The other high abundance splicing isoform results in the generation of an early fusion protein containing the first 489 amino acids of BXLF1 (viral thymidine kinase gene) and the last 459 amino acids of the leaky late BXLF2 gH glycoprotein (Fig. 6B). Because translation initiation occurs from the natural BXLF1 start codon, it is almost certain that this fusion protein is produced.
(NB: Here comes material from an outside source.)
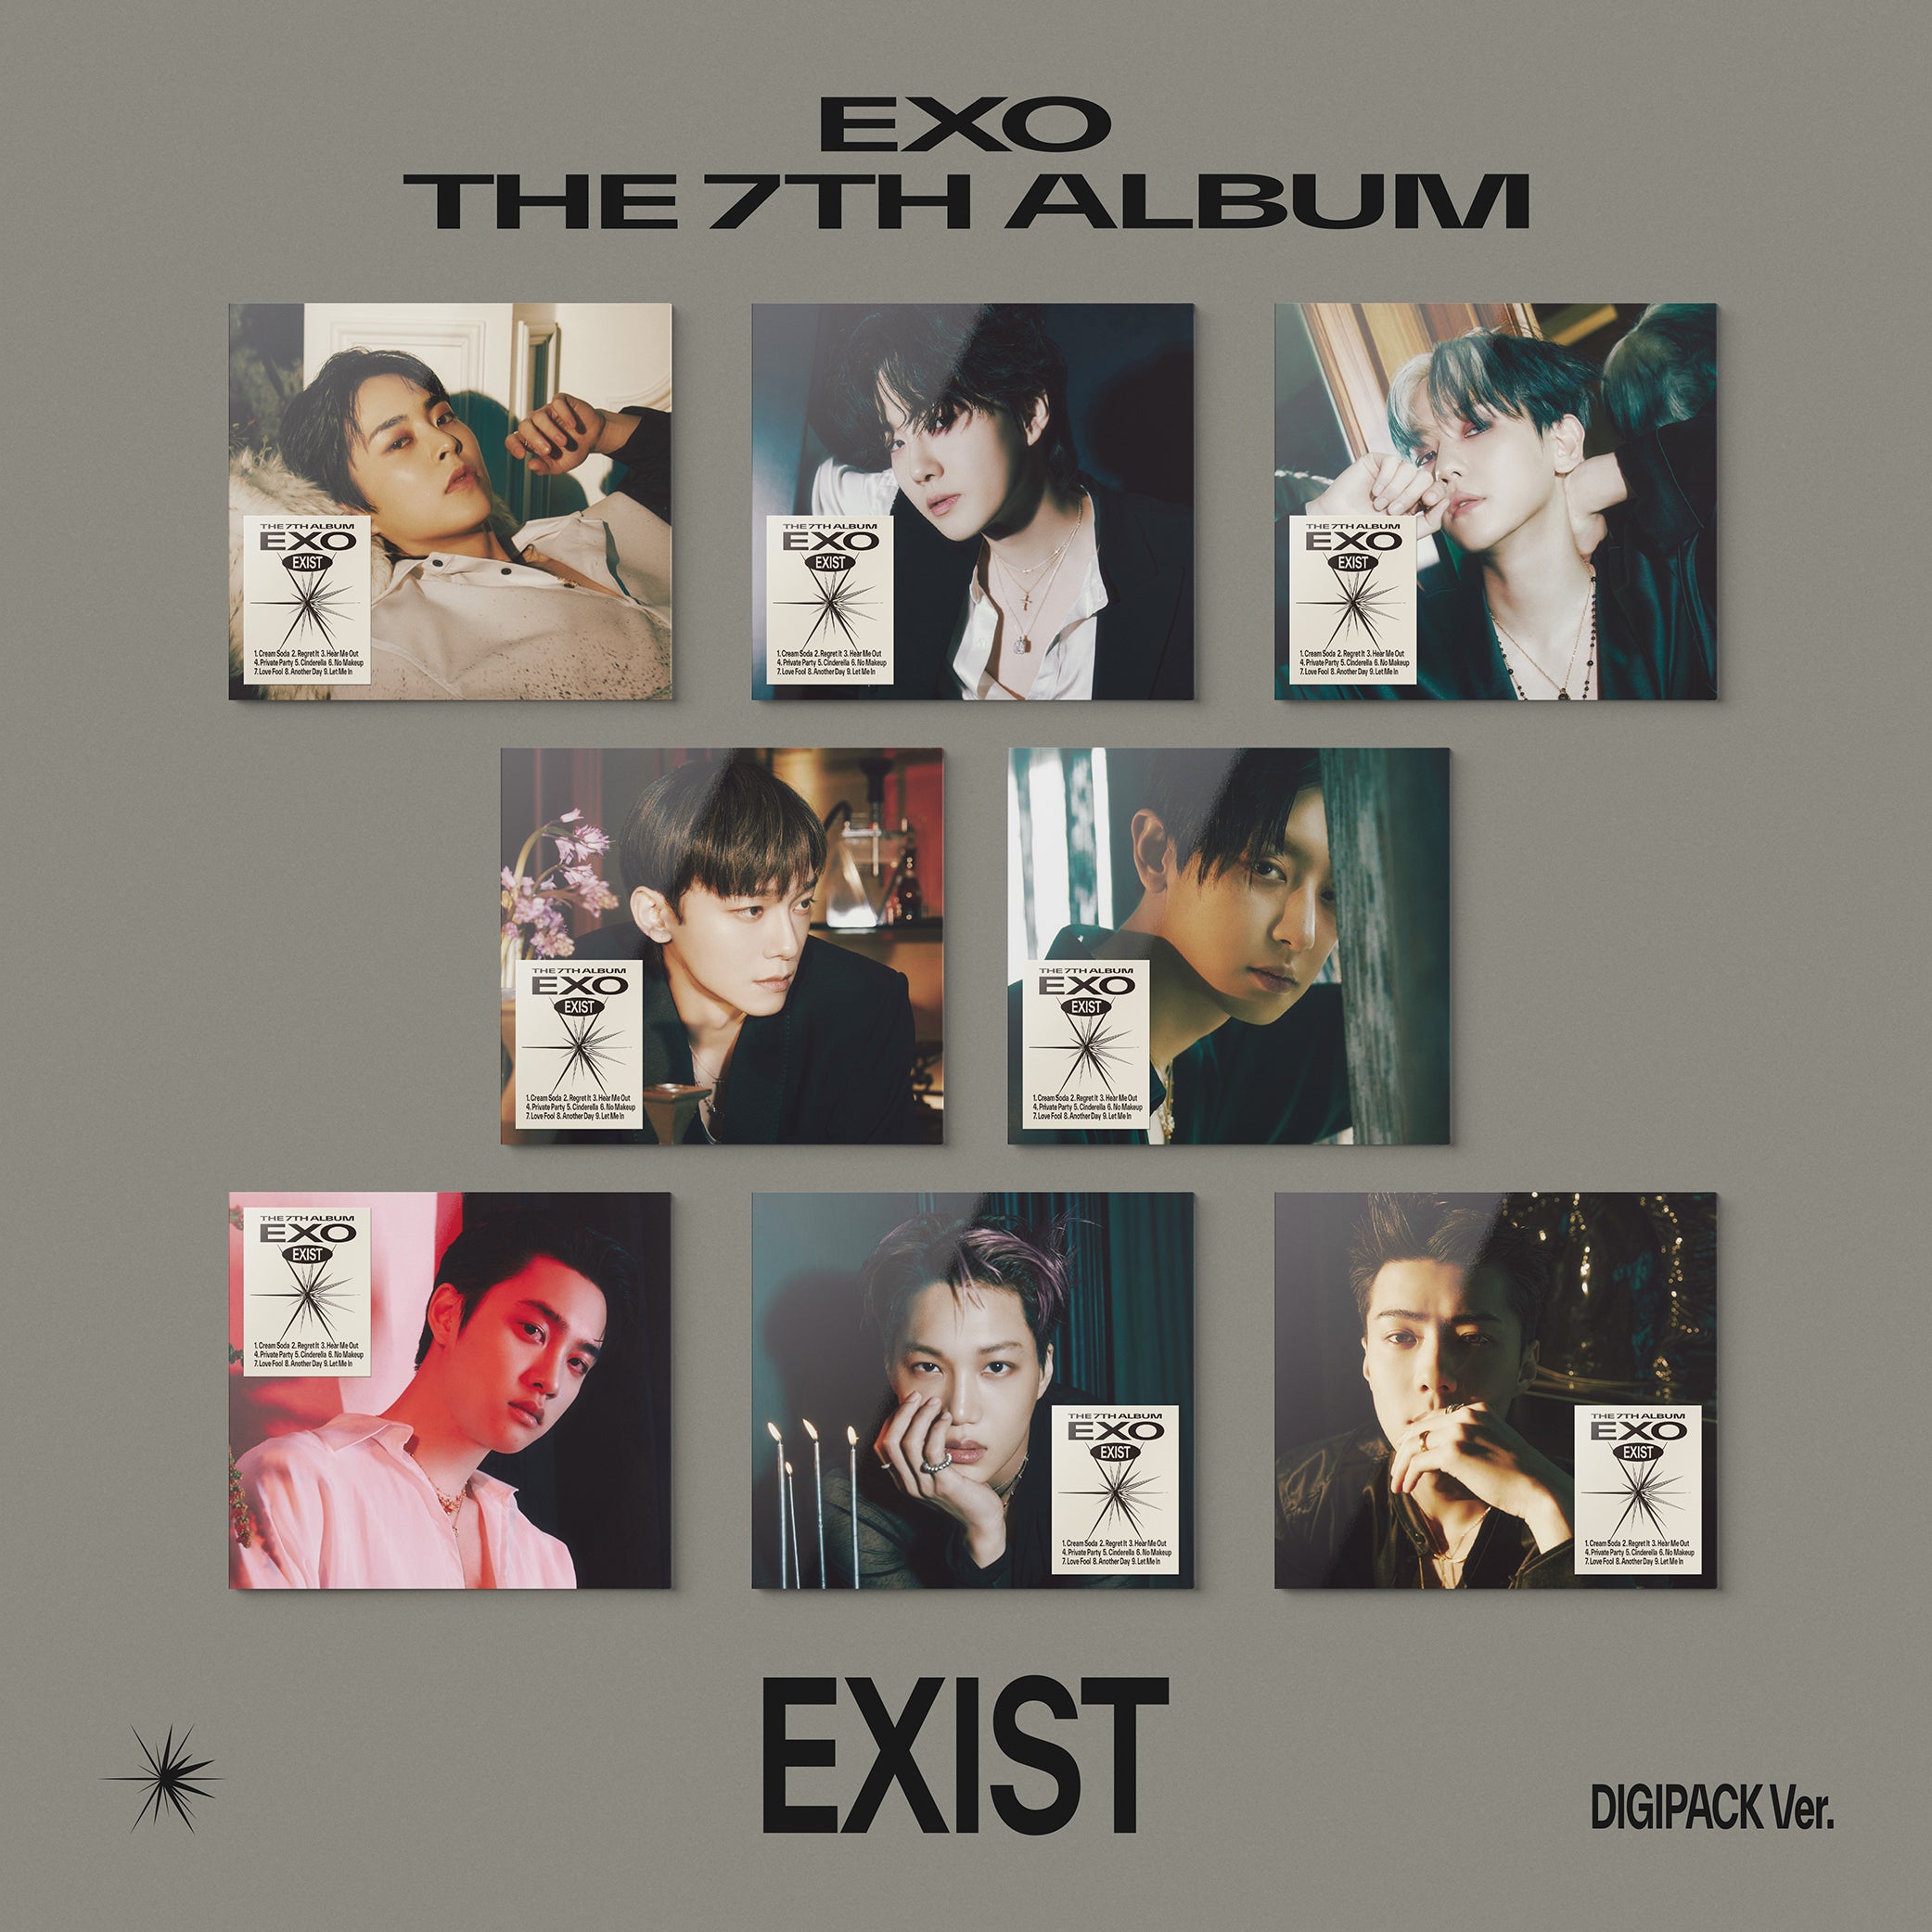 The 7th Album 'EXIST' (Digipack Ver.) - Random

While the function of BXLF1 is unclear, expression of BXLF1 in EBV negative cells results in localization to a few distinctive large perinuclear dots 60, 61. Although BXLF2 encodes gp85, which is a key virion factor for EBV infection, expression of BXLF2 in EBV negative cells results in a cytoplasmic localization as well as “discrete patches” at the nuclear rim 62. Through AlphaFold3 63 structure predictions, the structure of BXLF2 appears largely intact in the fusion context, as is a bundle of central BXLF1 alpha-helices (Fig. 6B). It is possible that the covalent linkage of these regions of BXLF1 and BXLF2 play some role in linking the functional impacts of both proteins at the perinuclear and nuclear rim to support some as yet to be determined viral function.